This post will be about comparisons, swap and hash. That means I conclude with his post my treatise about default operations rules in C++.
Here are the nine rules.
Let's dive into the details.
Default operation rules:
Do you remember the rule of five? It means if you define one of the five special methods you have to define all of them.
Here is the point.
When I implement the destructor such as in the following example, I have to define the copy and move constructor and assignment operator.
class Tracer {
string message;
public:
Tracer(const string& m) : message{m} { cerr << "entering " << message << '\n'; }
~Tracer() { cerr << "exiting " << message << '\n'; }
Tracer(const Tracer&) = default;
Tracer& operator=(const Tracer&) = default;
Tracer(Tracer&&) = default;
Tracer& operator=(Tracer&&) = default;
};
That was easy! Right? But I can also do it by myself which is at least boring but is also error-prone.
class Tracer2 {
string message;
public:
Tracer2(const string& m) : message{m} { cerr << "entering " << message << '\n'; }
~Tracer2() { cerr << "exiting " << message << '\n'; }
Tracer2(const Tracer2& a) : message{a.message} {}
Tracer2& operator=(const Tracer2& a) { message = a.message; return *this; }
Tracer2(Tracer2&& a) :message{a.message} {}
Tracer2& operator=(Tracer2&& a) { message = a.message; return *this; }
};
Sometimes, you want to disable the default operations. Here comes delete into the play. C++ eats its own dog food. The copy constructor of types such as locks, mutexes, promises, or futures is set to delete. The same holds true for the smart pointer std::unique_ptr: std::unique_ptr(const std::unique_ptr&) = delete.
You can use delete to create stranges types. Instances of Immortal cannot be destructed.
class Immortal {
public:
~Immortal() = delete; // do not allow destruction
// ...
};
void use()
{
Immortal ugh; // error: ugh cannot be destroyed
Immortal* p = new Immortal{};
delete p; // error: cannot destroy *p
}
This rule is quite similar to the rule C.50: Use a factory function if you need “virtual behavior” during initialization which I presented in the post C++ Core Guidelines: Constructors.
The next three rules are about swap functions. Let's do it together.
A swap function is quite handy.
template< typename T >
void std::swap(T & a, T & b) noexcept {
T tmp(std::move(a));
a = std::move(b);
b = std::move(tmp);
}
The C++ standard offers more than 40 specialisations for std::swap. You can use it as a building block for a lot of idioms such as copy construction/assignment.

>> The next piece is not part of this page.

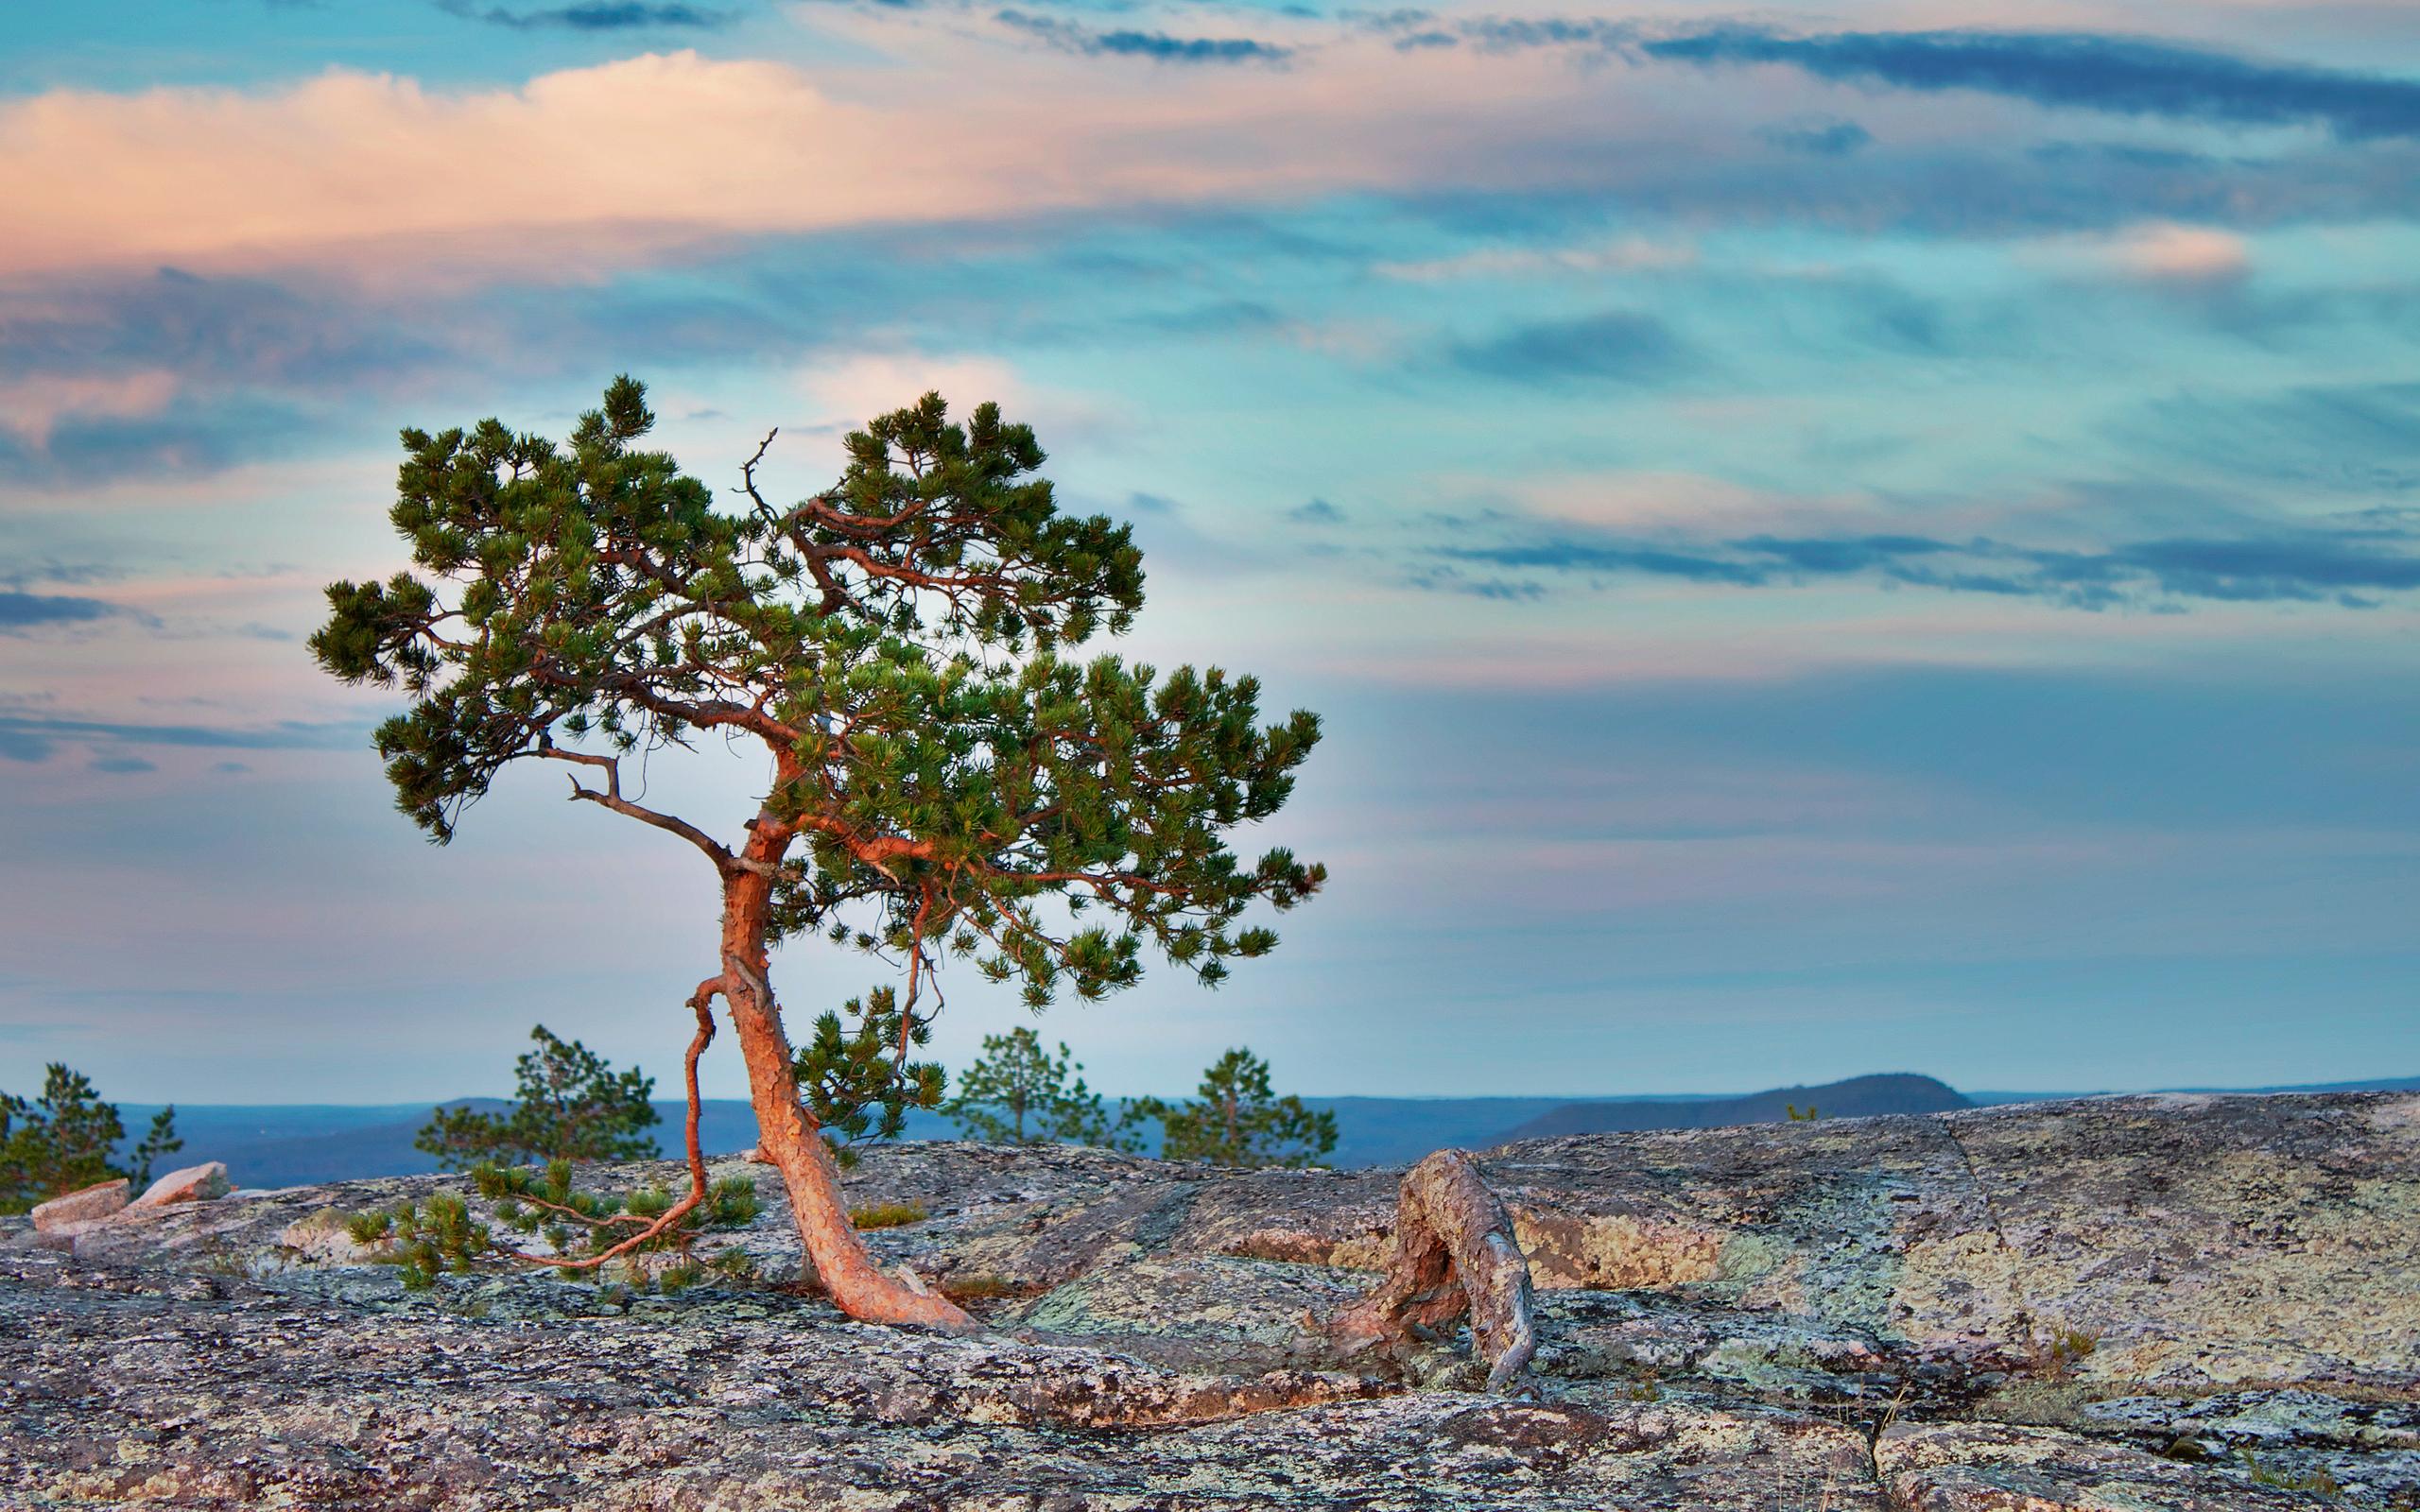 природа море деревья камни скалы  № 38402  скачать

A swap function should not fail; therefore, you have to declare it as noexcept.
Here is an example of a move assignment operation using std::swap. pdata points to an array.
class Cont{
public:
Cont& operator=(Cont&& rhs);
private:
int *pData;
};
Cont& Cont::operator=(Cont&& rhs){
std::swap(pData, rhs.pData);
return *this;
}
If you don't want to surprise your user, you should make the == operator symmetric.
Here is a unintuitive == operator which is defined inside the class.
class MyNumber {
int num;
public:
MyNumber(int n): num(n){};
bool operator==(const MyNumber& rhs) const { return num == rhs.num; }
};
int main(){
MyNumber(5) == 5;
// 5 == MyNumber(5);
}
The call MyNumber(5) == 5 is valid because the constructor converts the int argument to an instance of MyNumber. The last line gives an error. The comparison operator for natural numbers will not accept an instance of MyNumber.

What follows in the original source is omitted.